**Source material:**
++++++

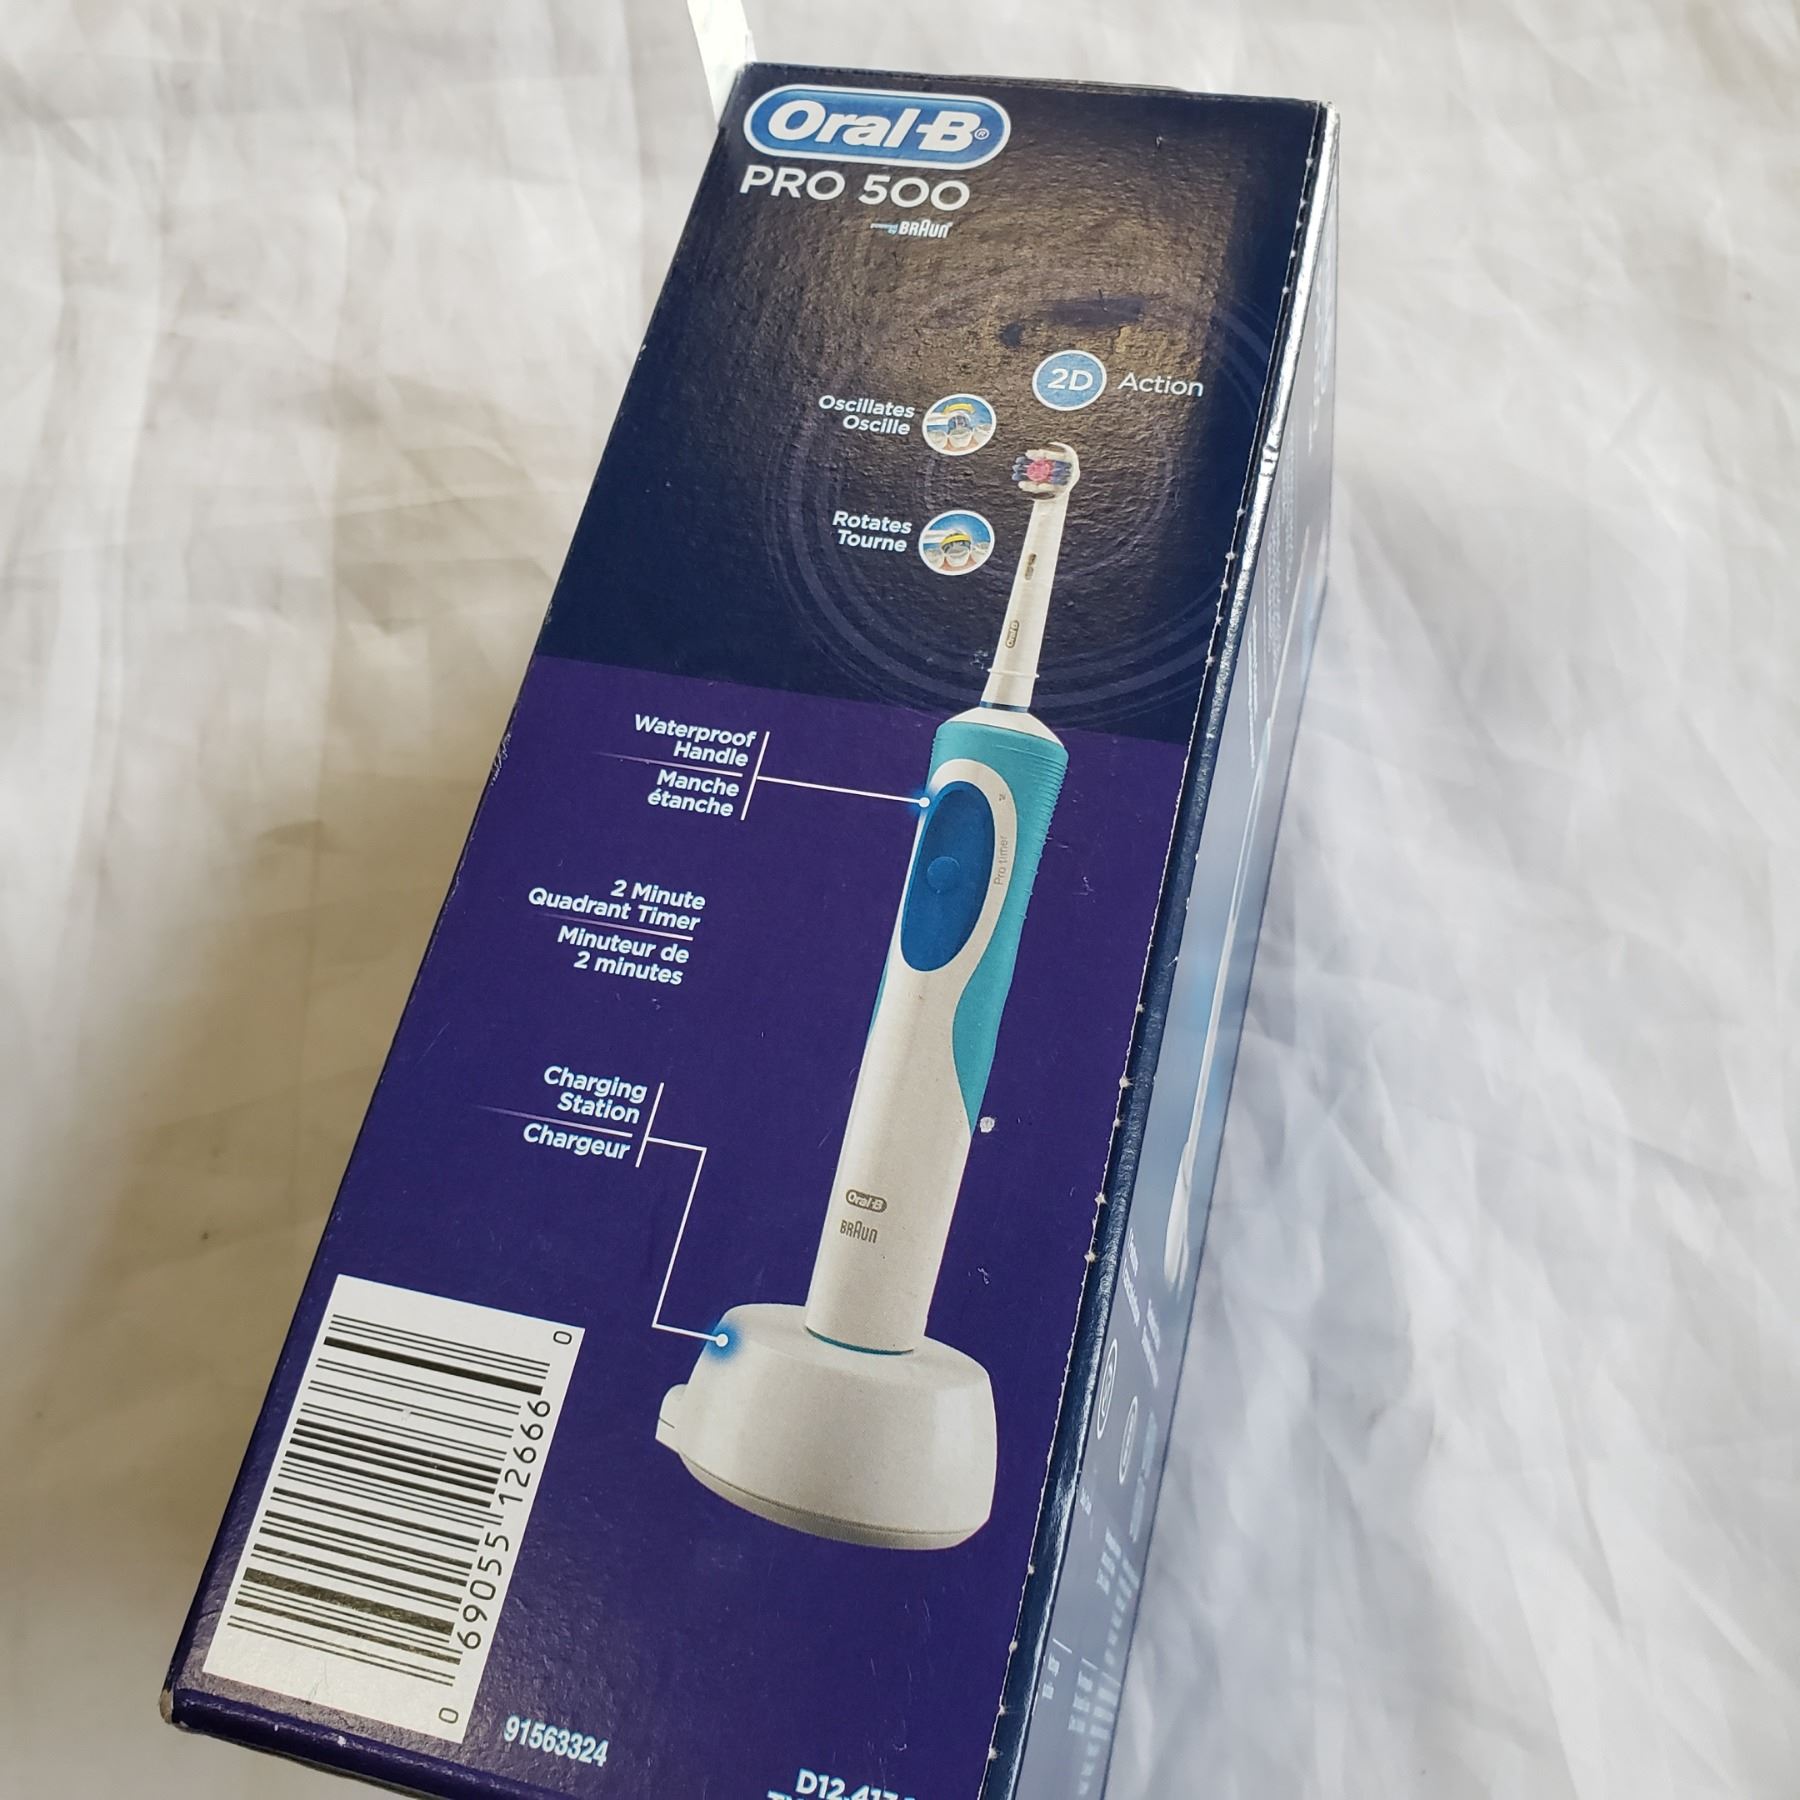 Oral B Pro 500 – An Excellent Electric Toothbrush
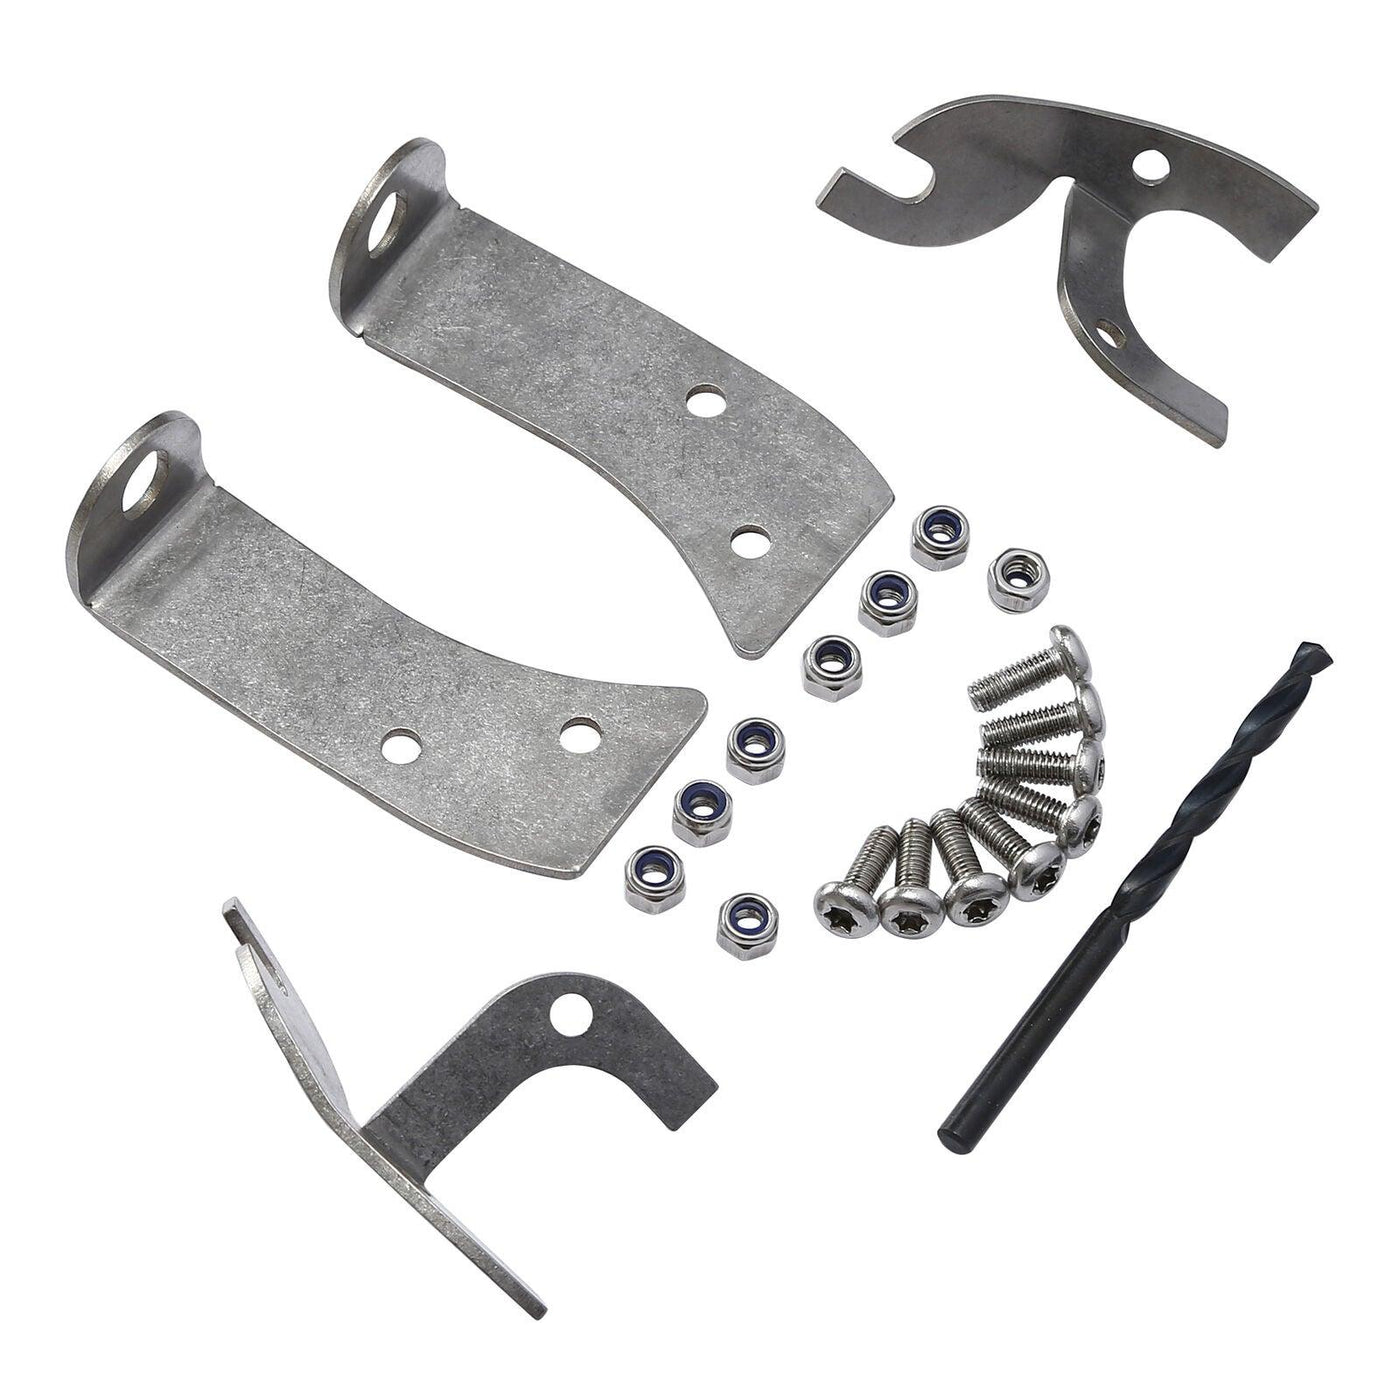 Batwing Fairing Support Bracket Repair Fit For Harley Street Glide FLHX 06-13 - Moto Life Products
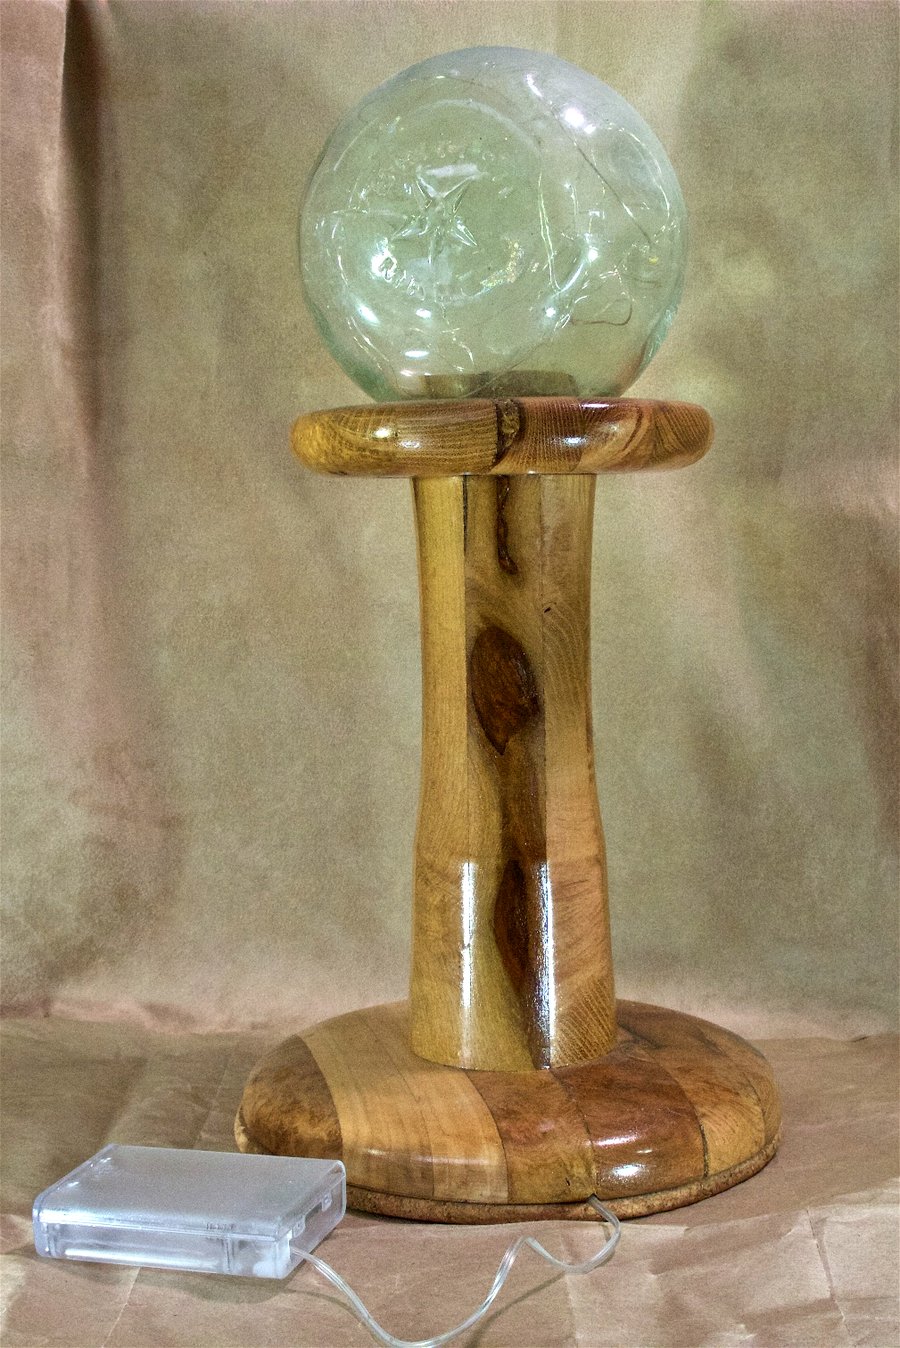 Unique table lamp, LEDs, turned wood glass fishing float made by the sea. PR478
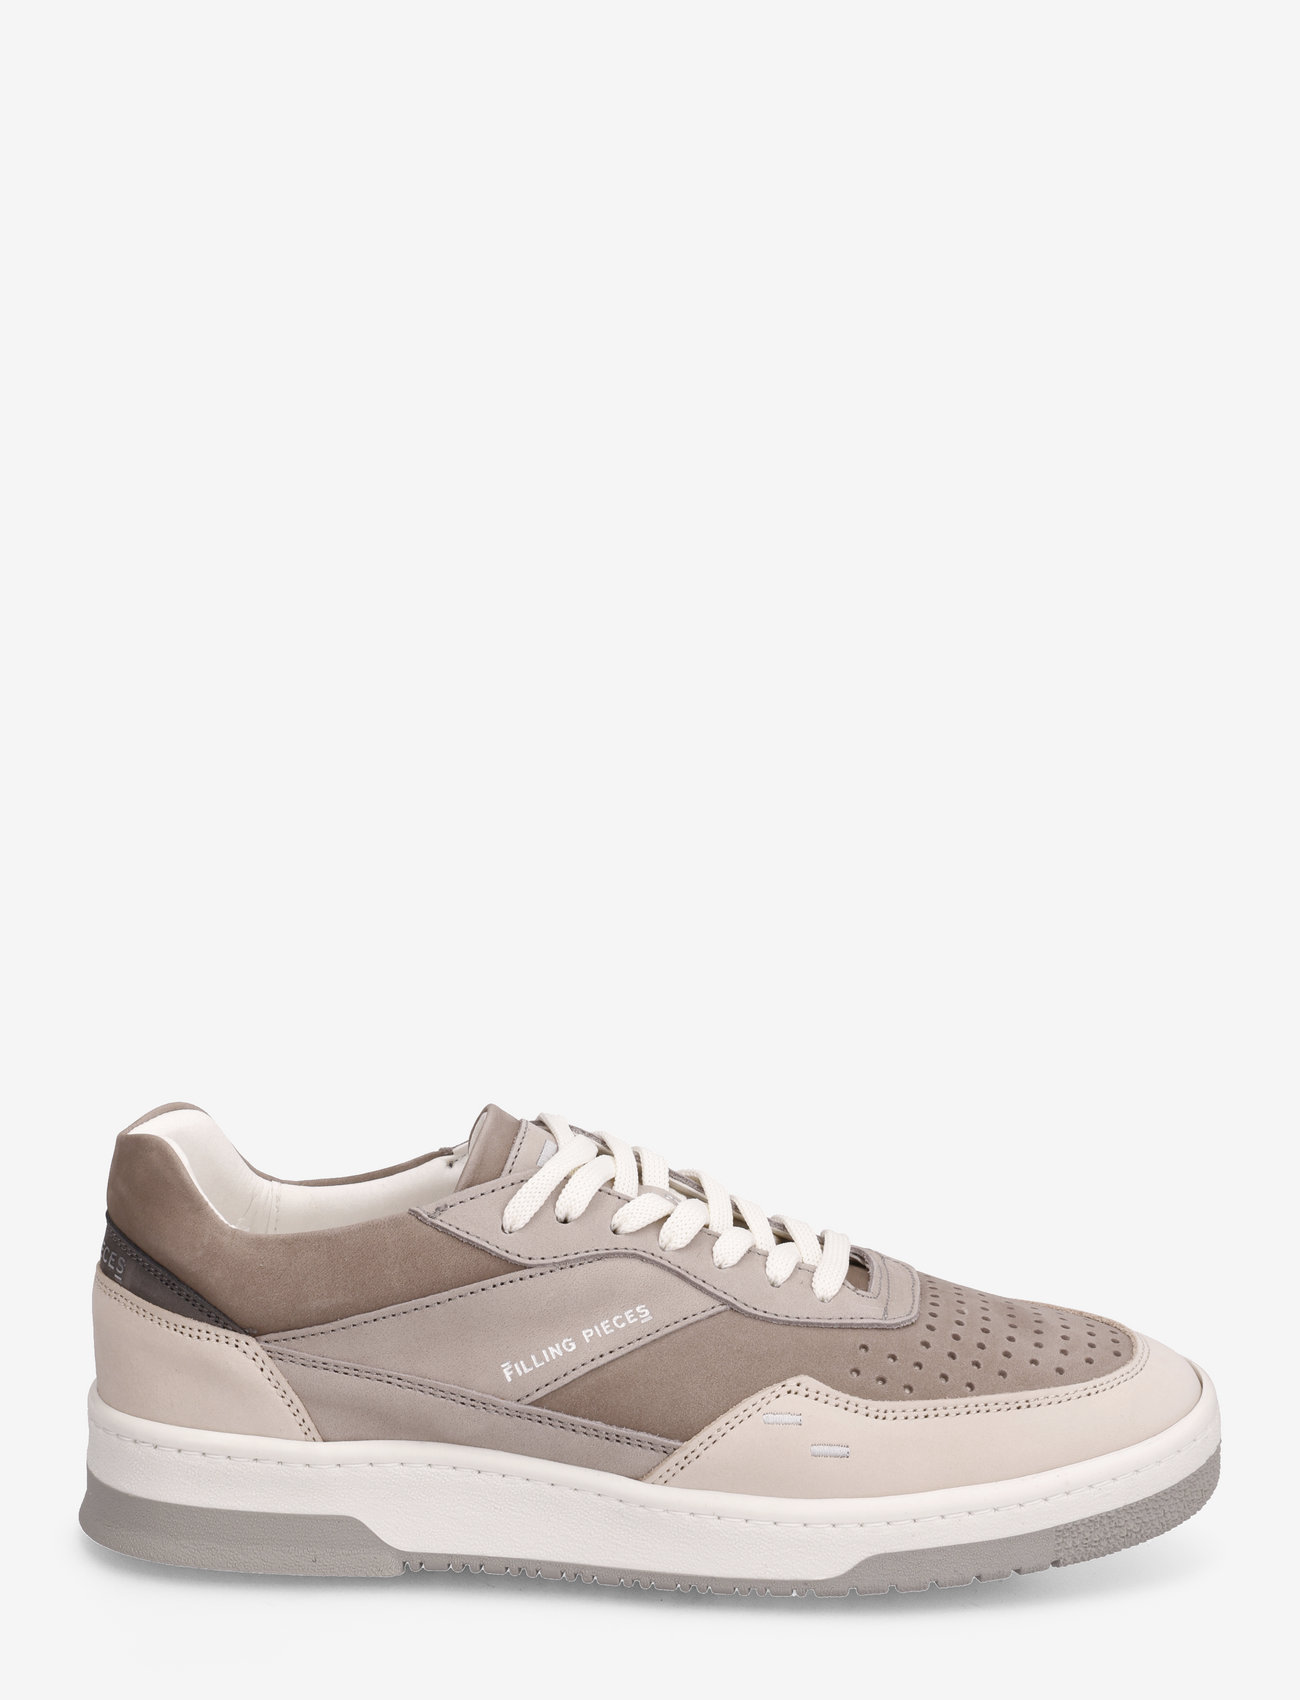 Filling Pieces - Ace Spin Light Grey - niedriger schnitt - taupe - 1

++++++

**Task goal:**
Please retype, exactly as they appear, the lines from the one with "Batwing Fairing Support" through the final line of the material, both included, and drop any pictures.

**Solution:**
 Batwing Fairing Support Bracket Repair Fit For Harley Street Glide FLHX 06-13 - Moto Life Products
 Unique table lamp, LEDs, turned wood glass fishing float made by the sea. PR478
 Filling Pieces - Ace Spin Light Grey - niedriger schnitt - taupe - 1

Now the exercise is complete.